_What the exercise asks_.
Exactly and only the lines below from the one containing "Los ojos marrones también son arte." down to the one containing "Alle bevisbare waterleidingen" are wanted, both included; please exclude every picture.

_Input records_.
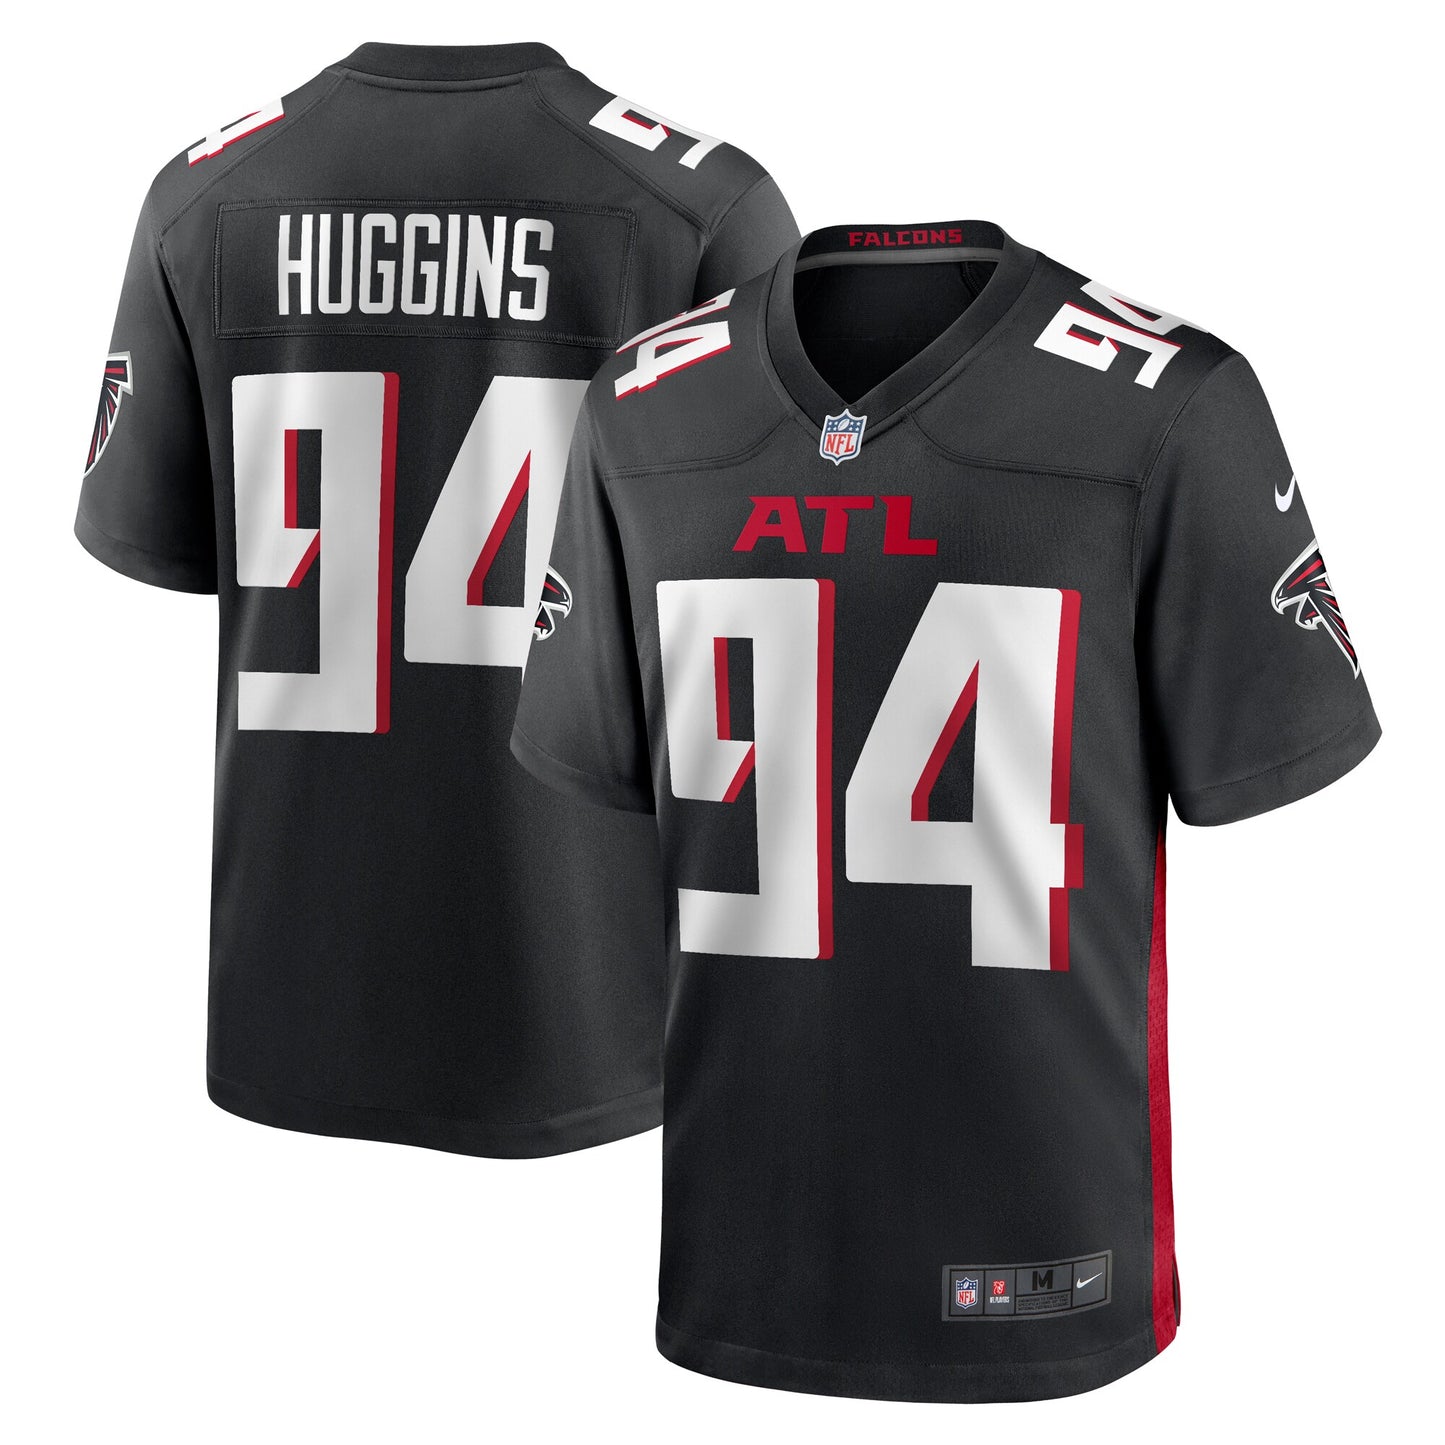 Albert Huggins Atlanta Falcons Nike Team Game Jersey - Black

==

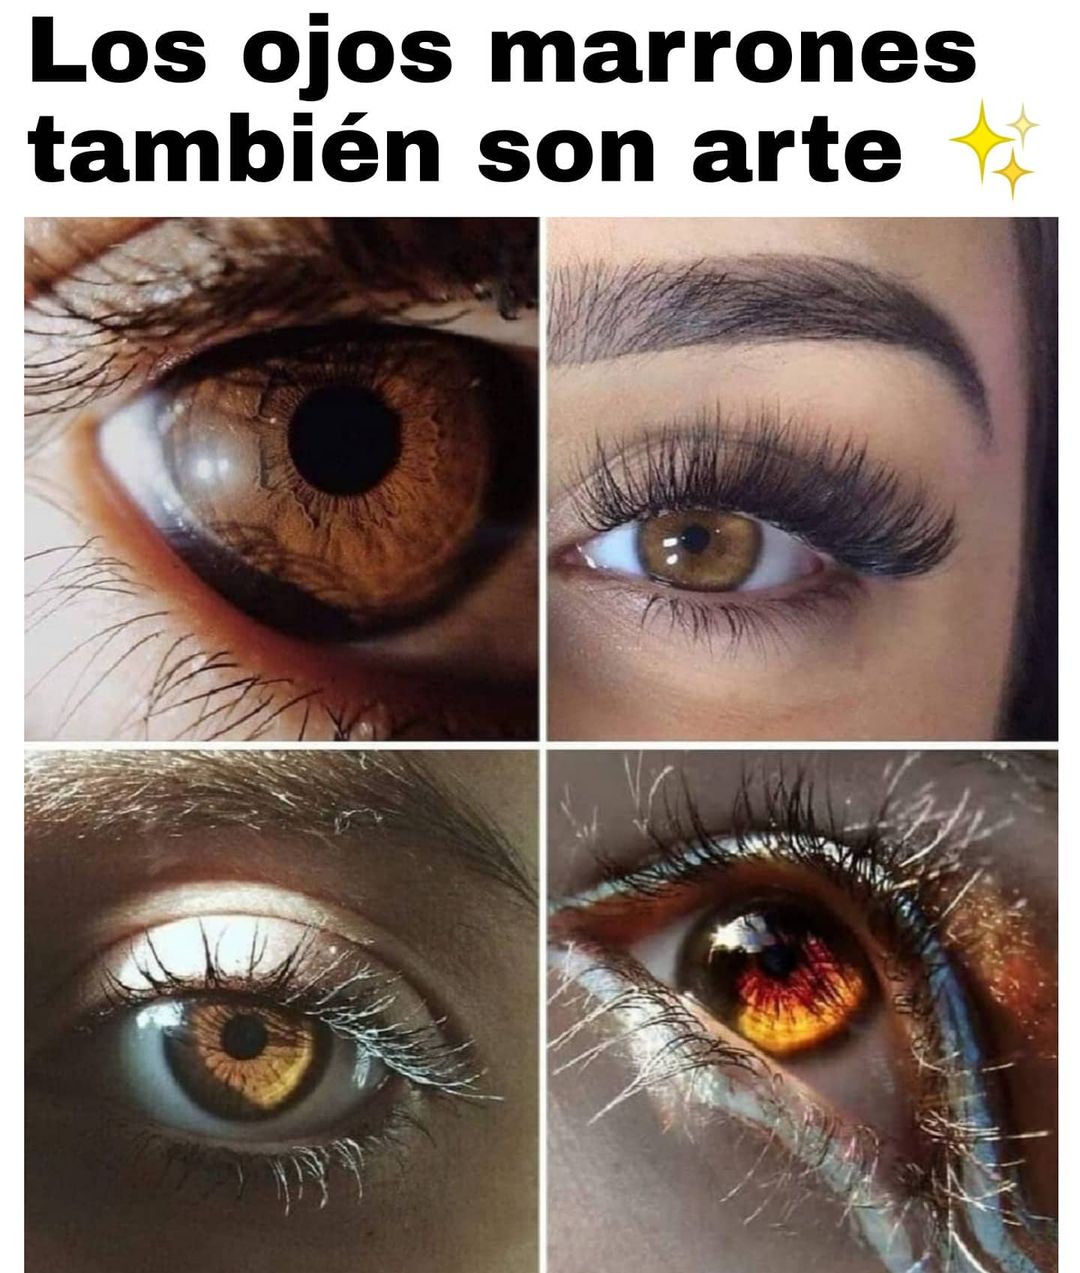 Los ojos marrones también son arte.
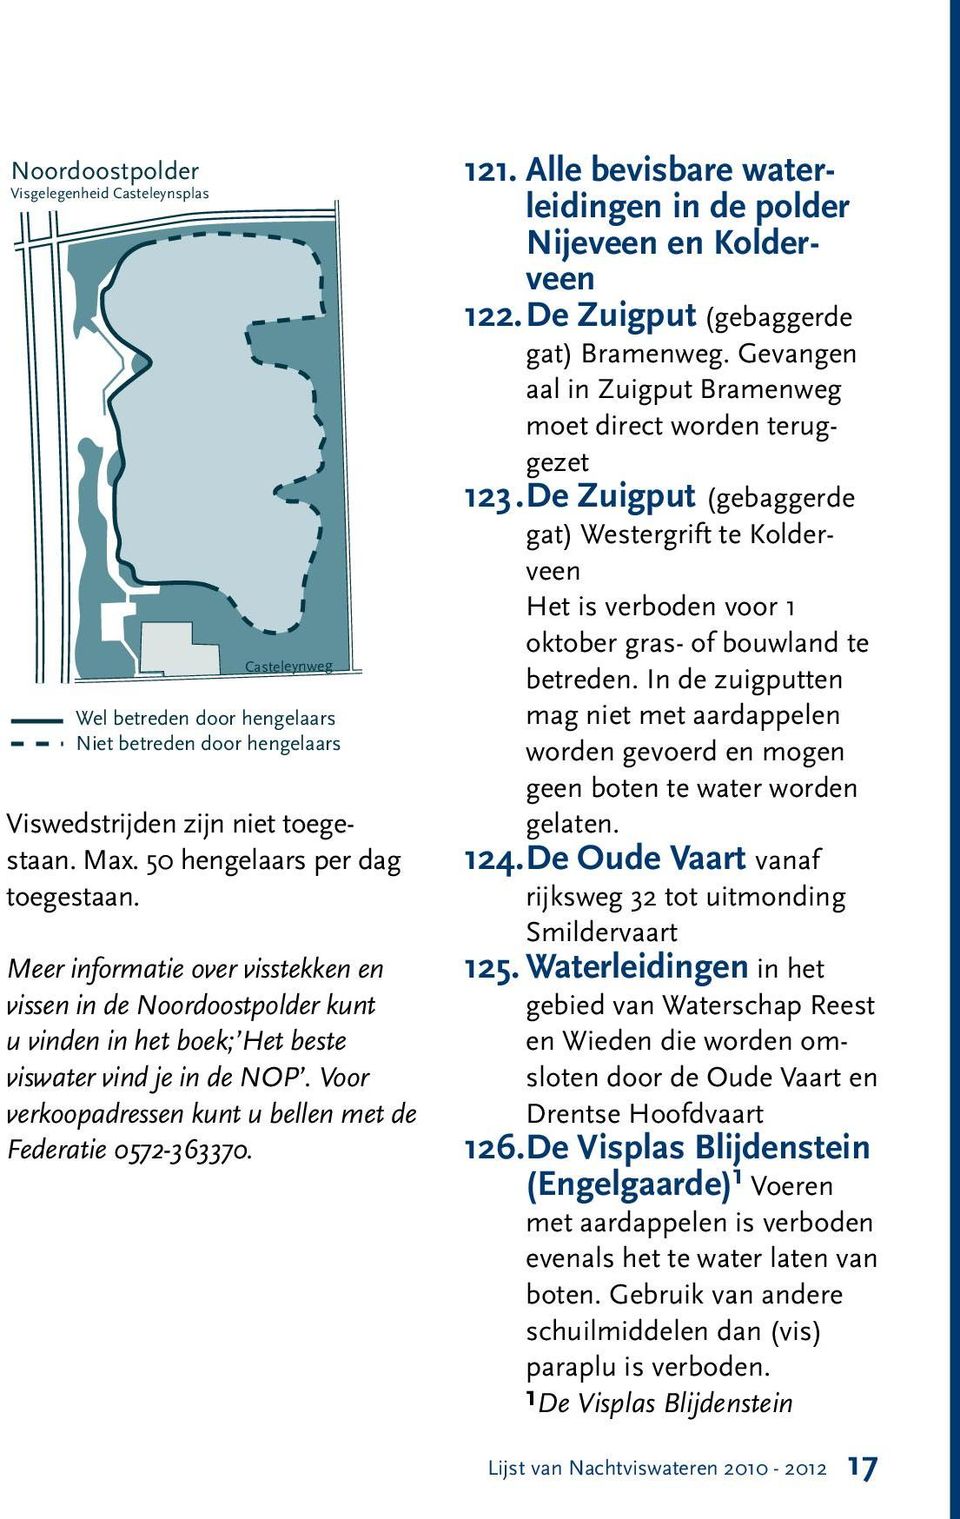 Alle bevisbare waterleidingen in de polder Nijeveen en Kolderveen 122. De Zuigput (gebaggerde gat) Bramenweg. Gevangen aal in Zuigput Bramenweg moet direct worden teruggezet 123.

_Answer section_.
 Los ojos marrones también son arte.
 Alle bevisbare waterleidingen in de polder Nijeveen en Kolderveen 122. De Zuigput (gebaggerde gat) Bramenweg. Gevangen aal in Zuigput Bramenweg moet direct worden teruggezet 123.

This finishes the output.